Wednesday, August 23, 2006

Back in the USSR


Last night, I had a dinner at Bacchus Restaurant with a Japanese government official and my friends Yasuko and Yoko. Yummy Lebanese food, a lot of laugh and the official's interesting adventure stories about Middle East and Africa. I had a good time.

I miss traveling. I used to travel a lot. My first travel abroad was to the former Soviet Union in 1989. I and my late friend, Yumiko, flew from Niigata Airport of Japan to Khabarovsk. We took the Siberian Express (not really an "express"...) from there to Irkutsuk, "Paris in Siberia" (um, yeah, kinda). It took 3 days. Then we flew from there to Moscow, where we walked around desperately looking for something edible.....and we suddenly found the shining big "M" sign...Woo hoo~! Vive capitalism!.....then it turned out to be a sign of a metro station. Yes, it was the pre-McDonald era of Moscow. We finally found a local restaurant filled with proletarian comrades. Yumiko actually fainted when she tasted a bowl of rice gruel there....I couldn't explain the real reason to the restaurant people (I spoke some Russian then)....she fainted because the food was so terrible.

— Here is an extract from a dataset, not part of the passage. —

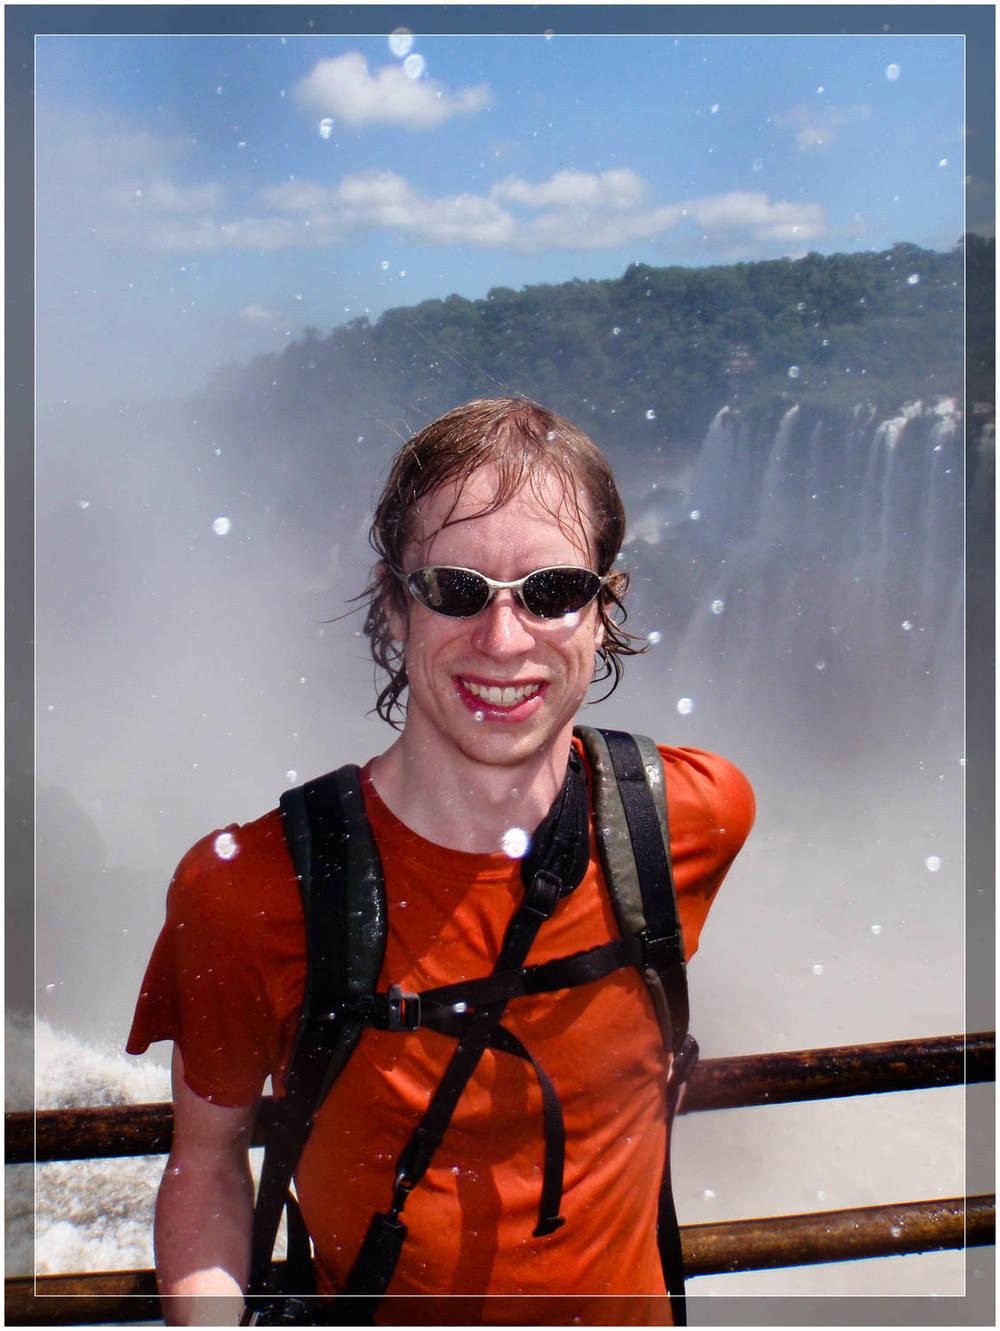 Soaked in Iguazu - Argentina (c) Dustin Main 2010

Anyways, we kept going....from Moscow to Kiev (now the capitol of Ukraine), Leningrad (now St. Petersburg) , Murmansk (a port town in the Arctic Circle), Tbilisi (now the capitol of Georgia), Tashkent (now the capitol of Uzbekistan) and Samarkand. Samarkand is beautiful. Poets and historians called it "Rome of the East" or "The pearl of the Eastern Moslem World." It really is.

I made another trip to the Soviet Union in March of 1990 (I think). Thanks to the Glasnost policy promoted by Mikhail Gorbachev, I could visit my grandfather's grave in Ulan Ude, a small city near the lake Baikal. Nope, my grandfather was not Russian. He was captured by the Russians in northern China (he was deployed by the Imperial Japan) and sent to a labor camp. According to the available record, he died there from typhoid. He was 36. I also visited Yakutsuk to see a frozen mammoth.... and I was frozen there. It was -35F. Seriously. I also went to Sakhalin and Irkutsuk. I visited Russia again in 1999 with my parents. My dad wanted to see the grave of his father whom he barely remembered. I saw my dad crying for the first time.

Ok, other countries I've ever visited so far......Vietnam (5 times), Thailand (7 times), Cambodia (twice, one time for sightseeing another for internship), Laos, Bangladesh, China, Hong Kong (3 times), Singapore (I believe Singaporean boys are the cutest), Argentina, Chile, Uruguay and Cuba. I may talk about those trips sometime.

BTW, the movie "Good Bye, Lenin!" is a great movie. I loved it.

2 comments:

diablo said...

nice rememberance. i'd like to go to russia sometime although now doesn't seem like the best of times and it may only get worse.

love bacchus! why haven't we gone there together?

and i agree, good bye lenin is a great movie. too bad they all die. just kidding.

vuboq said...

She fainted because the food was so bad?!?! That must have been some seriously awful rice.

I need to watch goodbye lenin. I think I had it at one point, but never got around to watching and eventually returned it. Yes, I'm weird, but I do that a lot with Netflix movies.